Axiom 0.3.0 - The ORM I Won't Shut Up About, Already

Wednesday November 02, 2005
We released Axiom again today.

It's making progress at an even keel these days.

A few minor issues: some bugs were fixed in upgraders, some deployment order dependency issues with Epsilon were fixed. We added some more data integrity checks, and came up with a way to dodge a few more inheritance quirks with Item.

The major upgrade in this release is that queries are objects, rather than simply generators. This shift in API is a subtle step further towards exposing as many efficient SQL operations as possible without exposing any SQL.

Since the release announcement is already over, you might have guessed - I tricked you. This is hardly a release announcement at all. It's an explanation of one of Axiom's goals: complete encapsulation of SQL in an object-oriented model.

Some people, most notably David Heinemeier Hansson, would say that's a pretty bad goal to have.

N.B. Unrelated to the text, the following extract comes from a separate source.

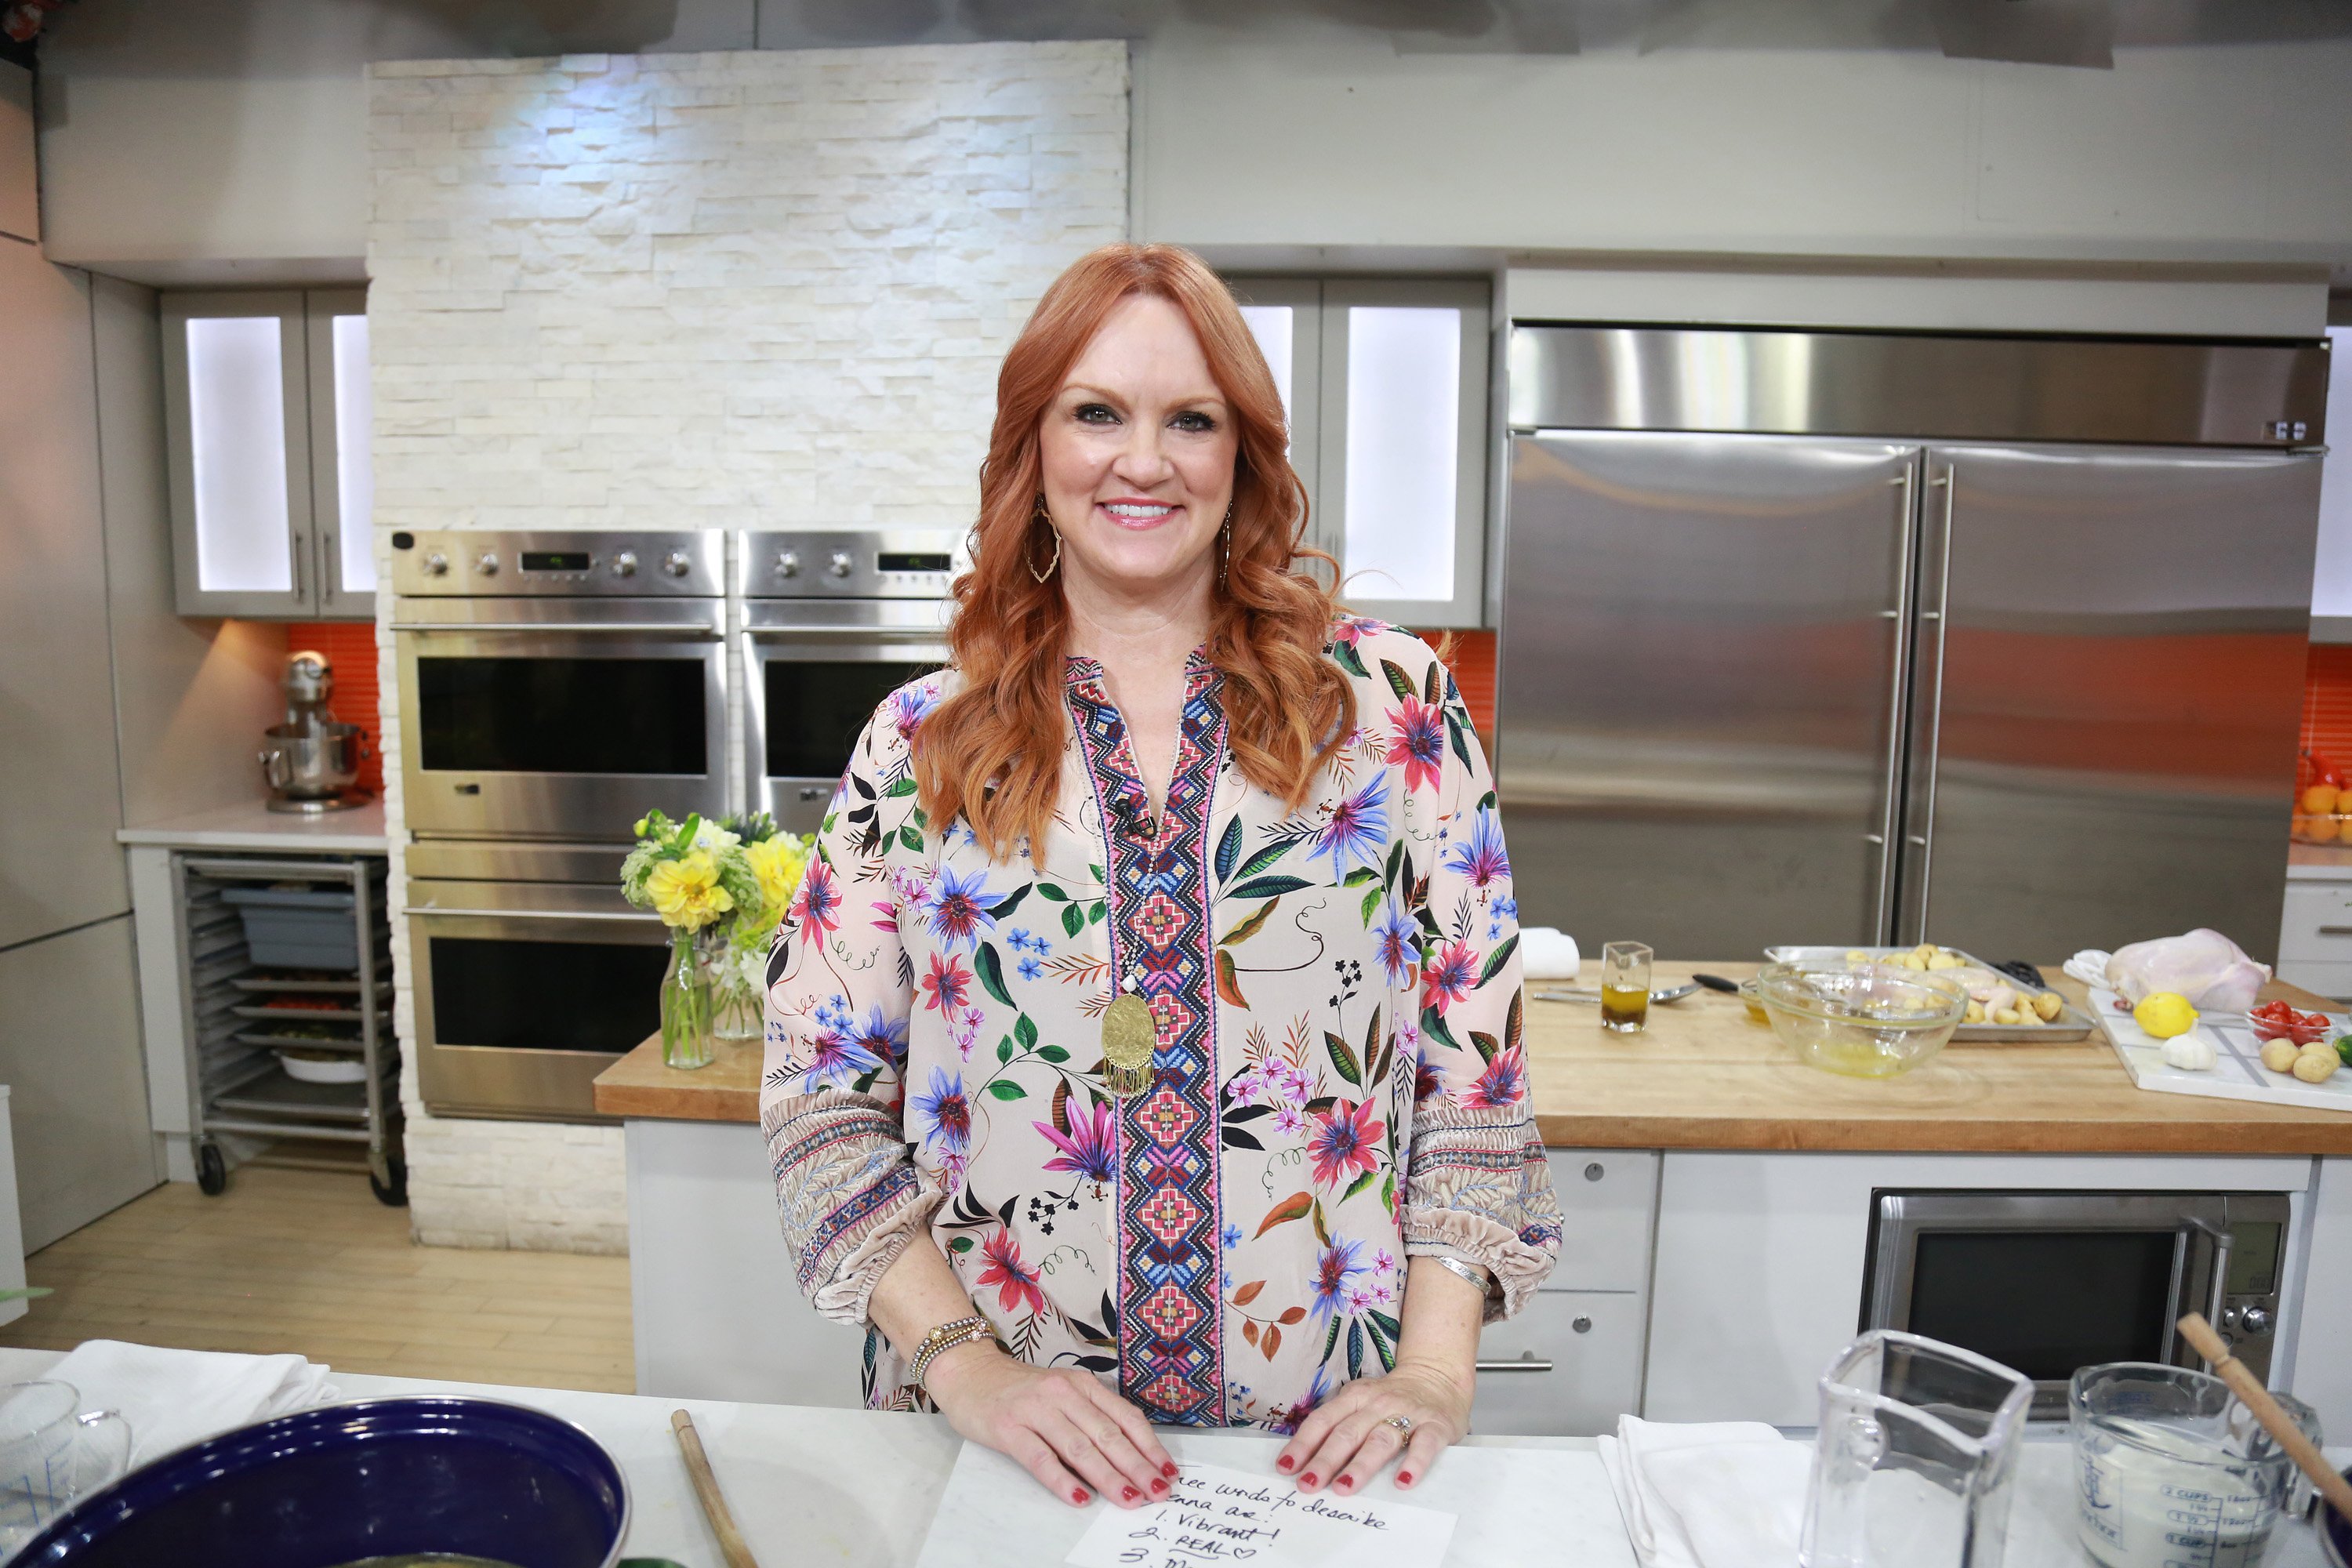 The Pioneer Woman': Ree Drummond's Daughter Alex Shares a Message About  Body Positivity: 'People Come in All Shapes and Sizes

Oddly enough, with the people they are generally arguing against, I'd agree. The relational model should get some respect. It's where your data actually lives. You shouldn't swaddle it to the point where it's suffocating.

The agreement ends pretty quickly though. I think of SQL in your application like fire on a cold night. It keeps me warm, sure, and I shouldn't douse it with water because I'm afraid of getting burned. I might freeze. That doesn't mean I stick my hand into the open flame.

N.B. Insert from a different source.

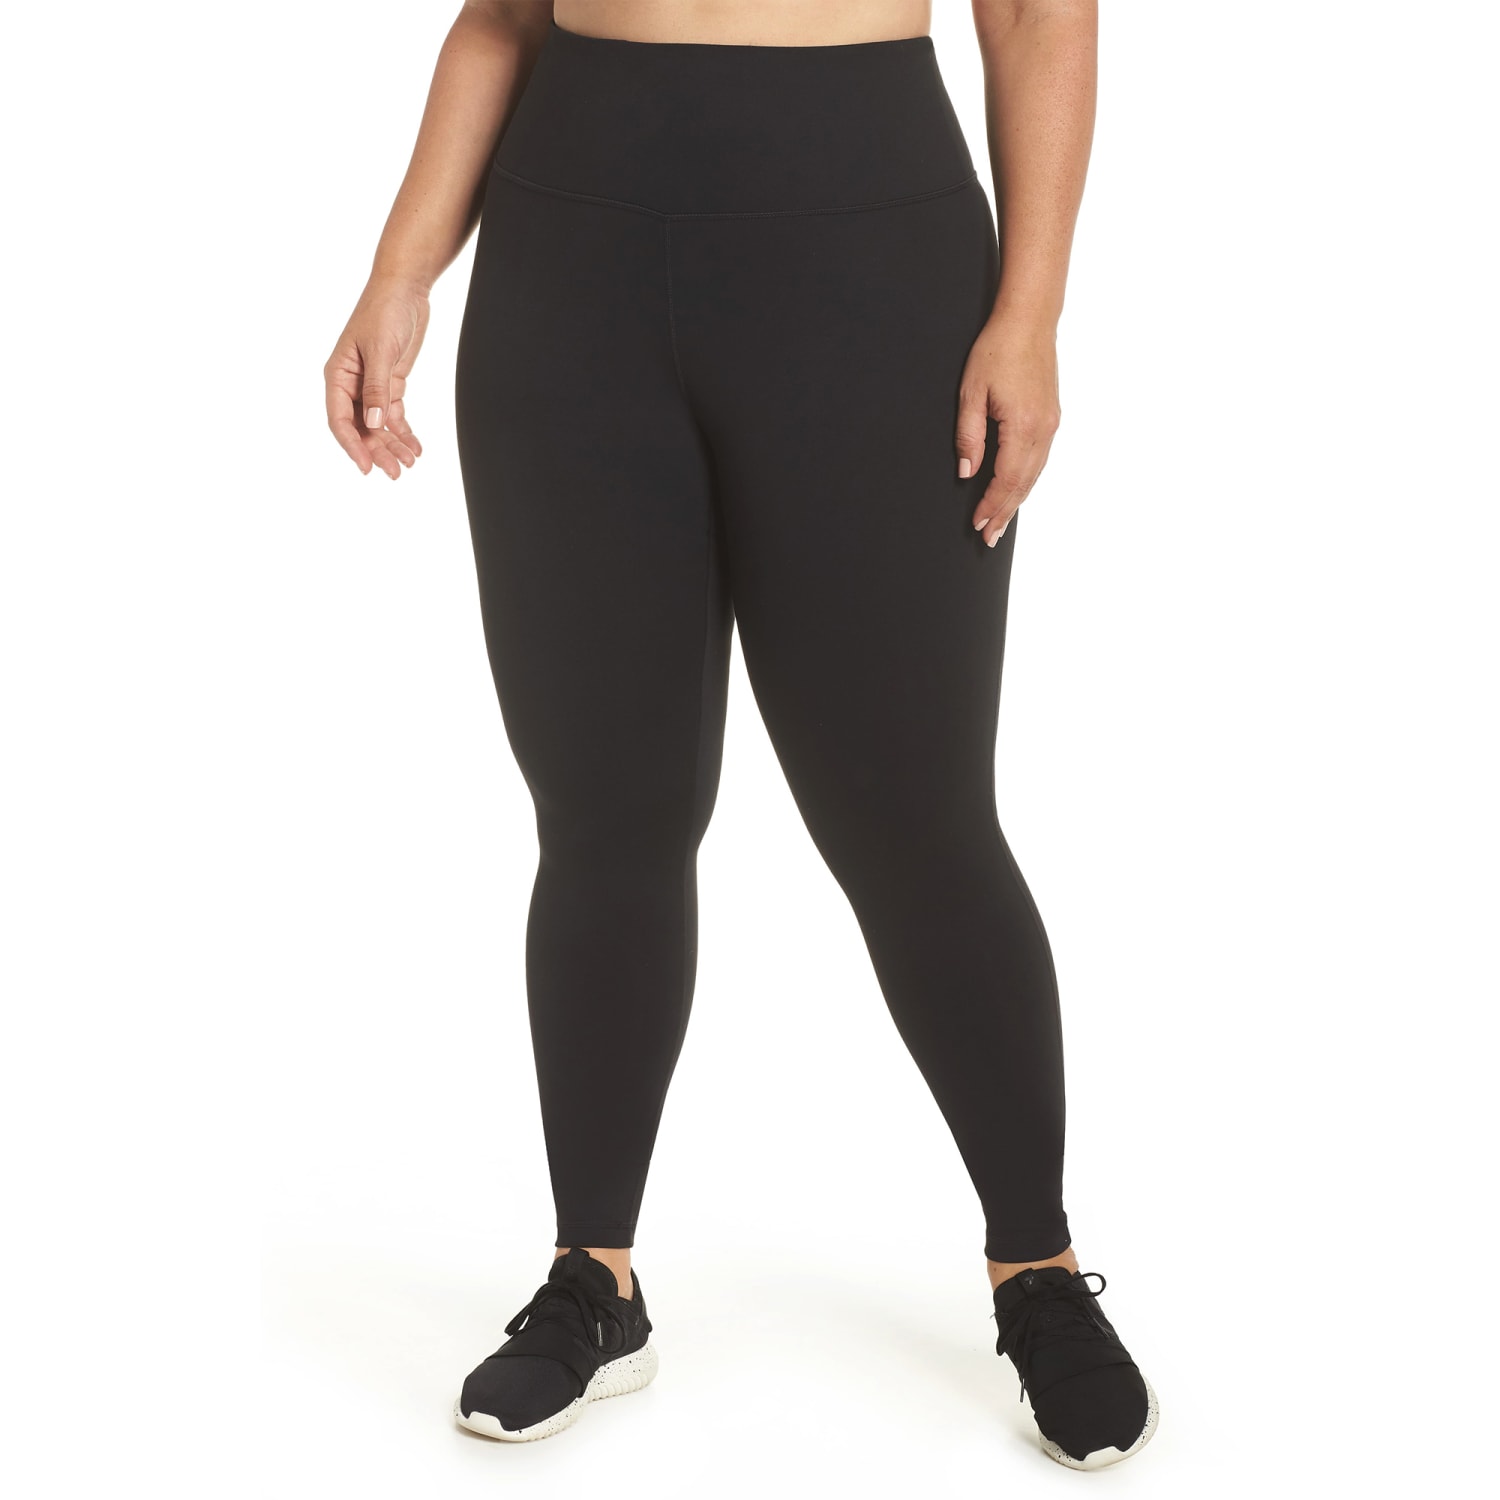 Nordstrom Zella leggings reviews: Why they're so popular

You might ask, why such an intense metaphor? Isn't SQL just another tool in my programming toolbelt?

Metaprogramming is hard, and dress it up however you like, that's what using SQL is. Your code is generating other code, and evaluating its results.

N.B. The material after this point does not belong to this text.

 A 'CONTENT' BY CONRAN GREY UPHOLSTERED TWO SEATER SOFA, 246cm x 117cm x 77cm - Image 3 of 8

Because metaprogramming is so hard, it is almost exclusively the province of frameworks, environments and operating systems. For good reason, too. Whenever code generates other code, there are potentially very serious mistakes that can get made. SQL is a hobbled language in most databases, so the damage is restricted. It's only restricted in the sense that it won't cause your server to segfault, though. Your database is probably where 99% of your application's (and possibly your company's) value lives anyway, not your server's heap memory. Mistakes in generating SQL that talks to that database can be very costly.

Getting away from SQL injection attacks is a minor feature of Axiom, so it's easy to forget that it is a really serious problem. People make this mistake all the time, with disastrous consequences. Unless you read Bugtraq, that is. In which case you are probably reminded of this somewhere between 2 and 20 times per week.

Having an object model for your SQL also helps you generalize things that might otherwise be overspecific, and test unrelated database features more independently. For example: there is a utility function in Axiom (go read the docstring, it's fun) which finds overlapping ranges of values. The query looks like this:

OR(
AND(startAttribute >= startValue,
startAttribute <= endValue),
AND(endAttribute >= startValue,
endAttribute <= endValue),
AND(startAttribute <= startValue,
endAttribute >= endValue)
)

If that had been accomplished with hand-generated SQL rather than objects, I'd have to quote every one of those attributes. I'd have to figure out how to make sure that the table's name was fully qualified whenever the user passed data into this function - if it needed to be. It would be hard to write a test for. Finally, it'd be hard to know how to properly involve it in a join. All the arguments would be strings, so I would have no idea if they were properly formatted or not until the database spit back a syntax error - which might not contain any useful information.

If I were generating SQL by hand though, I doubt it would have occurred to me to write such a function in the first place. I just would have written the SQL code necessary to do this for the calendar_event table and moved on.

If your database wrapper is going to do caching, queries have to be introspective so that the cache manager knows when a given chunk of SQL might invalidate your cache. Managing caching plus concurrency is hard enough with help from every layer of your system.

There are also some features which are directly supported by a complete object model for queries.

The feature I'm going to be working on tomorrow, a generic browser for tabular data, is another example of where having as much data access as possible happen through objects is helpful. The tabular data browser, or "TDB" as we call it, takes a query-like object as an argument, so you can page through complex queries. That object encapsulates both information about the objects being queried and the database itself, the TDB can both display the data appropriately and easily and quickly generate appropriate SQL. Without such an intermediary layer, the TDB would itself be a mess of string concatenations and quasi-generic SQL generation of its own.

Eventually we hope for Axiom to monitor queries, inserts, deletes and updates as they happen to provide a "live" query interface, which takes the same objects that SQL generation would, but provide an active view onto those objects as they appear, change, and disappear. If you're issuing UPDATEs and INSERTs to the database without going through an intermediary layer there is nowhere to catch this but triggers - and again I find a point of agreement with DHH, the database is not where the smarts belong.